Padres ausentes

Patricio Navia

Capital, #154, abril 22, 2005

 

El 12% de los niños nacidos cada año en Chile legalmente no tiene padre conocido. A menos que fortalezcamos la paternidad responsable—con adecuada educación, incentivos selectivos y ejemplares penas—será muy difícil que logremos superar como sociedad el flagelo de la pobreza y la desigualdad de oportunidades.

 

En reciente visita a Nueva York, la diputada María Antonieta Saa, que ha defendido diversos temas de mujeres (que son en realidad temas de todos), explicaba que cada año alrededor de 34 mil niños nacidos en Chile son inscritos en el Registro Civil sin que se identifique la identidad de los padres. En total, alrededor de 1 millón de menores de 18 años no tiene un padre oficialmente identificado en el Registro Civil. La incidencia de pobreza entre estos niños es mayor que en el resto de la población y sus posibilidades de éxito en la vida son menores.

 

Es cierto que muchos de esos menores saben quiénes son sus padres biológicos. Pero ya sea porque el padre se niega a reconocer a su hijo o porque la madre no insiste en que realice el reconocimiento legal, un considerable número de chilenos vive oficialmente con el estigma de no tener (legalmente) padre conocido. Pese a avances recientes, nuestra legislación aún no protege adecuadamente los intereses de los hijos frente a padres irresponsables. Por cierto, las atribuciones de patria potestad que tiene un padre—en caso de muerte o incapacidad de la madre—llevan a algunas mujeres a preferir que los padres de sus hijos no reconozcan a sus hijos, para así asegurarse que éstos no tengan que abandonar la familia materna. Pero en la mayoría de los casos, se trata de hombres que rehuyen de las obligaciones económicas, sociales y éticas que implica traer a un hijo al mundo.
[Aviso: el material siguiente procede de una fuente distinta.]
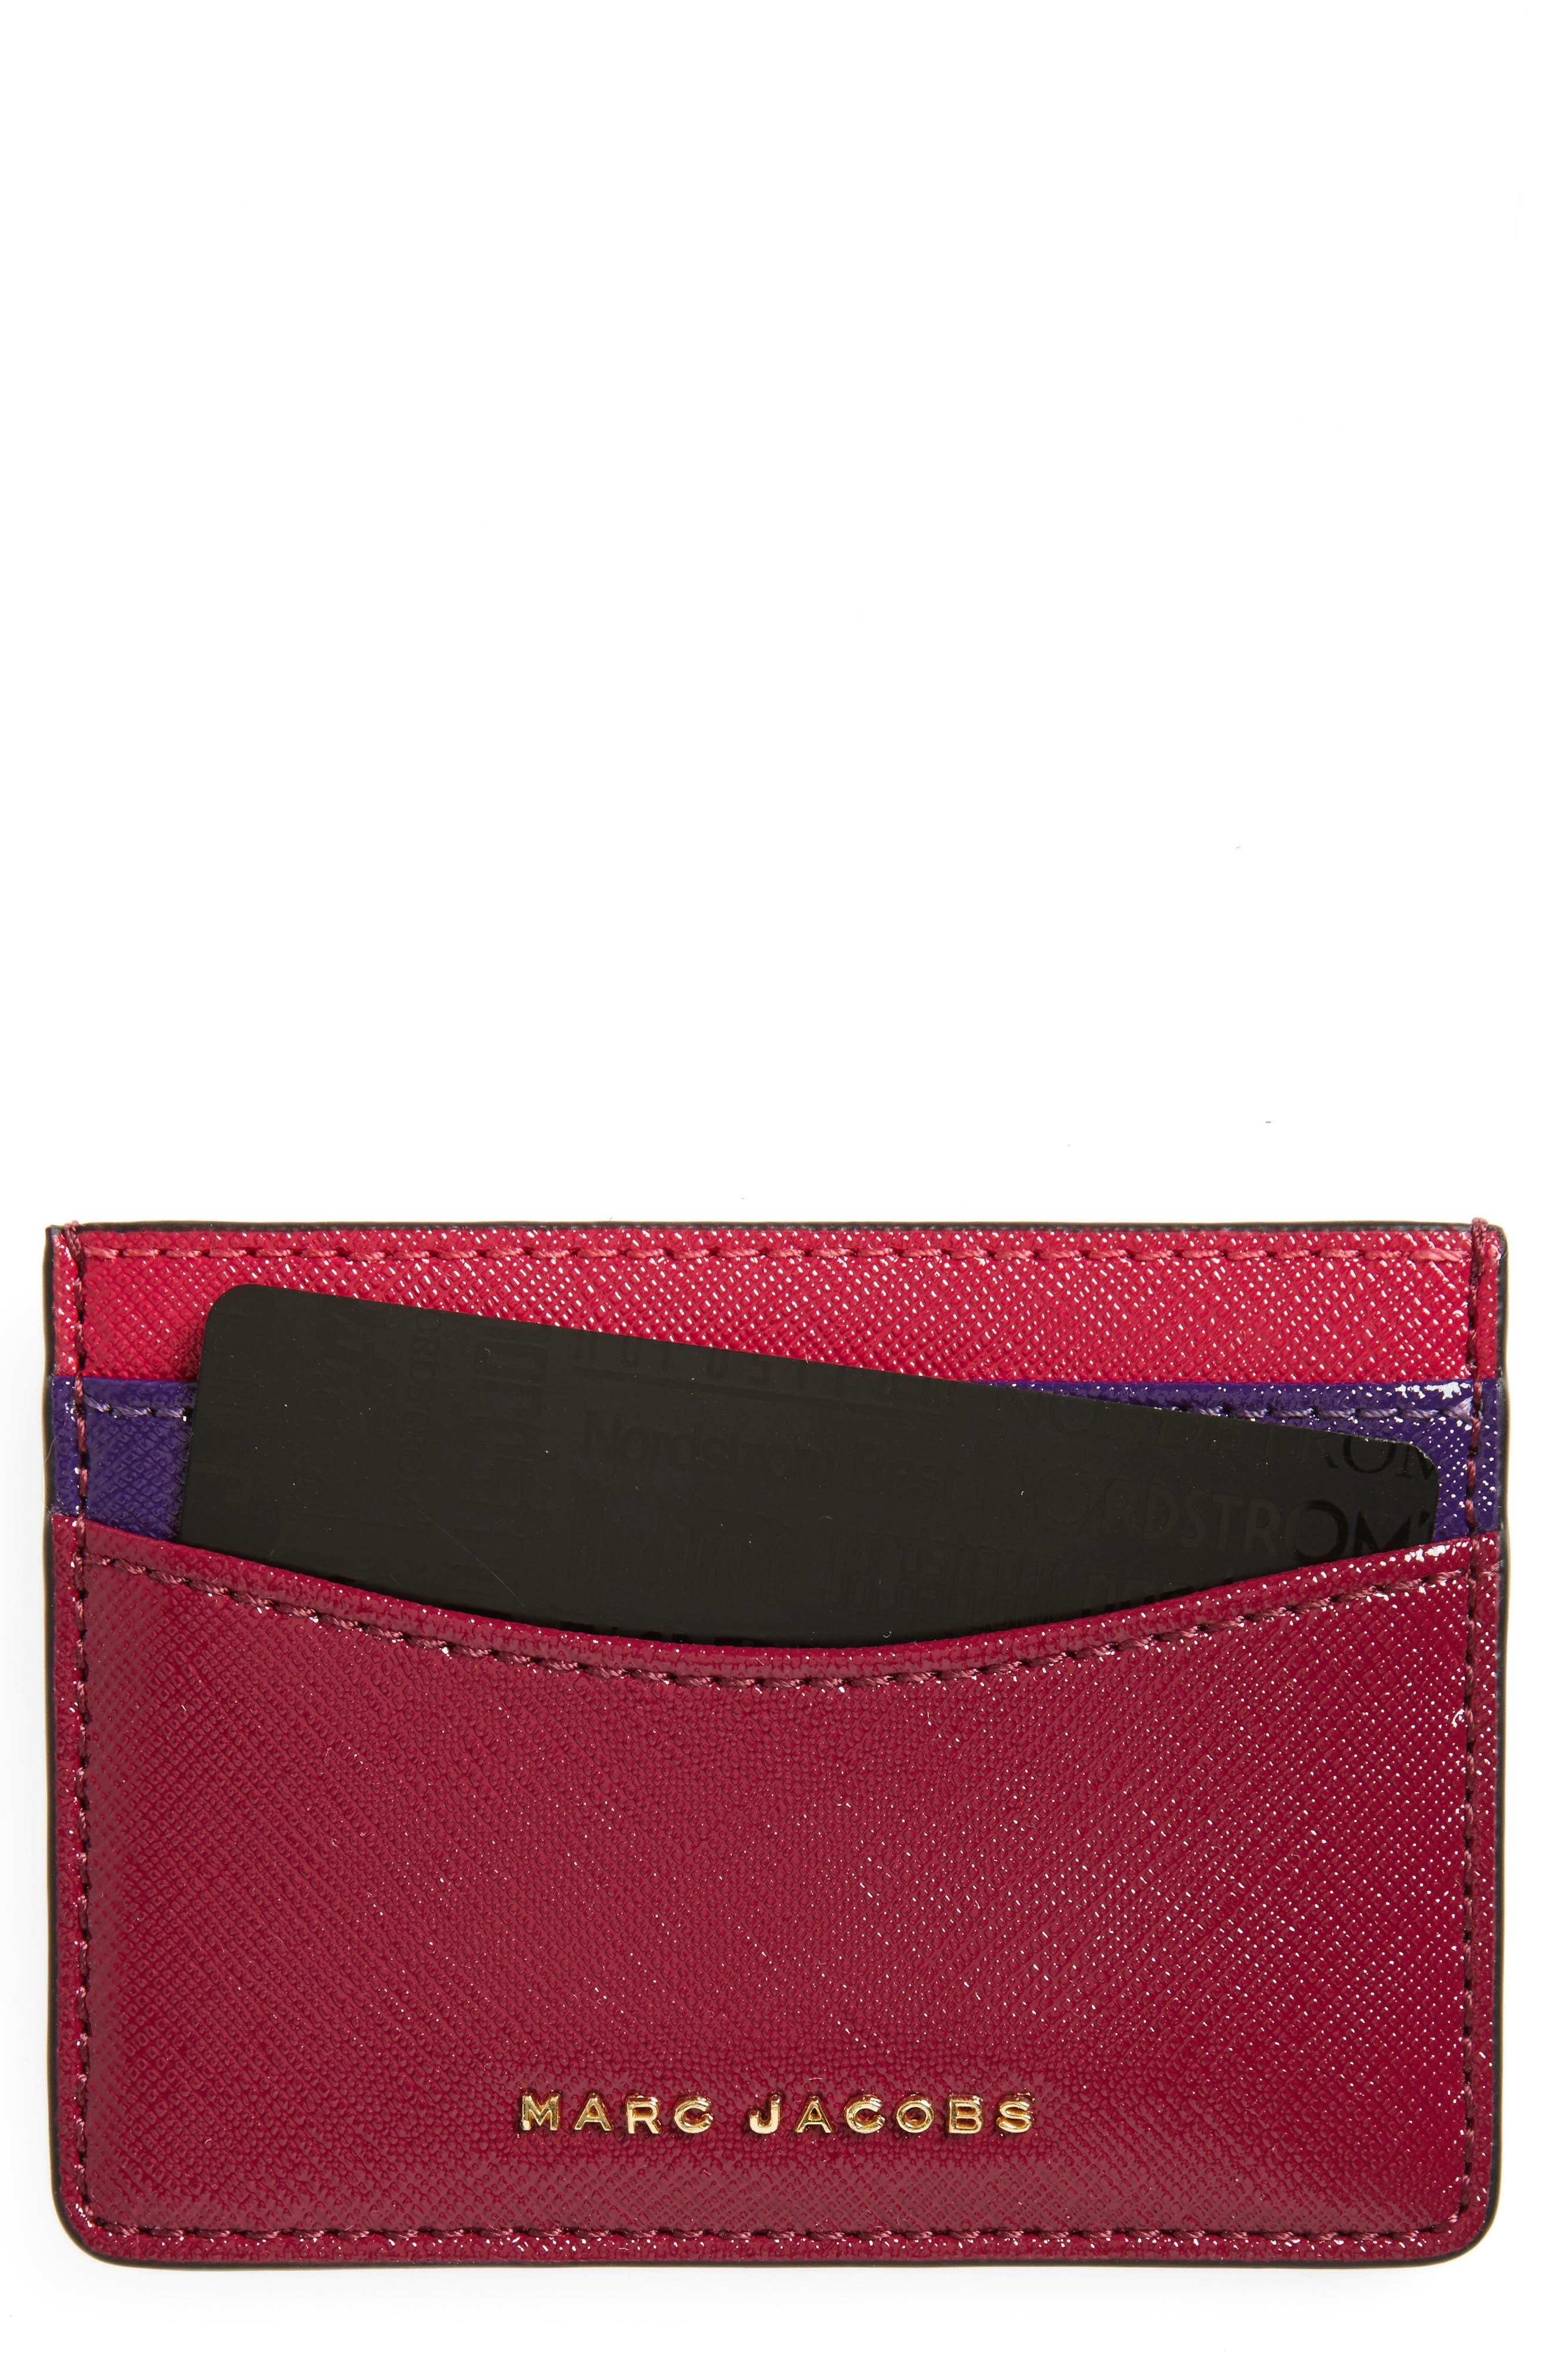 Color Block Saffiano Leather Card Case,                             Main thumbnail 4, color,

Las uniones de hecho que proliferan en nuestro país y las familias extendidas que transforman a abuelos, tíos o padrastros en padres de hecho para miles de niñas y niños chilenos representa una respuesta improvisada e inevitable a las falencias de la institucionalidad legal que persisten en nuestro país. Pero ya que la incidencia de pobreza es mayor en hogares liderados por mujeres y entre niños con padres ausentes, la promoción de la paternidad responsable se convierte en una cuestión de bien público. Mientras más padres reconozcan legalmente a sus hijos biológicos habrá menos incidencia de pobreza infantil. Mientras mejores sean las disposiciones que los obliguen a los padres a asumir la responsabilidad por el cuidado de sus hijos, más preocupación existirá para evitar embarazos no deseados.

 

Ahora bien, avances recientes han mejorado sustancialmente el marco legal. La Ley de Filiación, que declaró iguales a los hijos legítimos e ilegítimos, representó un avance sustancial. Pero las complicaciones que muchas madres todavía tienen para lograr que los padres reconozcan a sus hijos ha seguido representando un problema. Una comisión mixta (Diputados y Senadores) del Congreso ha acordado una nueva ley que establece que el examen de ADN basta para determinar la maternidad y paternidad. Pero todavía existen discrepancias respecto a la obligatoriedad de este examen en demandas de reconocimiento paternal. De acuerdo a algunos, obligar al demandado a un examen de ADN viola la presunción de inocencia de las personas. Una visión alternativa razonable sugiere que la obligatoriedad de un examen de ADN (pagado por el fisco o por la parte demandante) representa un costo mínimo en relación al gigantesco beneficio que resulta establecer la veracidad de la acusación.

 

Por cierto, aunque la tendencia natural es pensar que este es un problema asociado exclusivamente con la pobreza, esta situación es también recurrente en sectores más acomodados, donde muchas madres solteras optan por no insistir en el reconocimiento de los hijos para evitar que el patrimonio de éstos—en caso de muerte de la madre—quede parcialmente en manos de los ausentes padres biológicos que nunca se dieron la tarea de ir a reconocer sus hijos al Registro Civil.   

 

Aunque en los colegios aprendemos que Bernardo O’Higgins, el libertador de la patria, era también hijo ilegítimo, no resulta ni atractivo ni conveniente poseer esta condición. La realidad del siglo XXI chileno nos obliga a mejorar aún más nuestra legislación—y a aplicarla con celo—para promover no solo la igualdad entre hijos legítimos e ilegítimos sino también establecer incentivos y castigos selectivos para lograr reducir sustancialmente el número de niños chilenos que oficialmente no tiene padre conocido.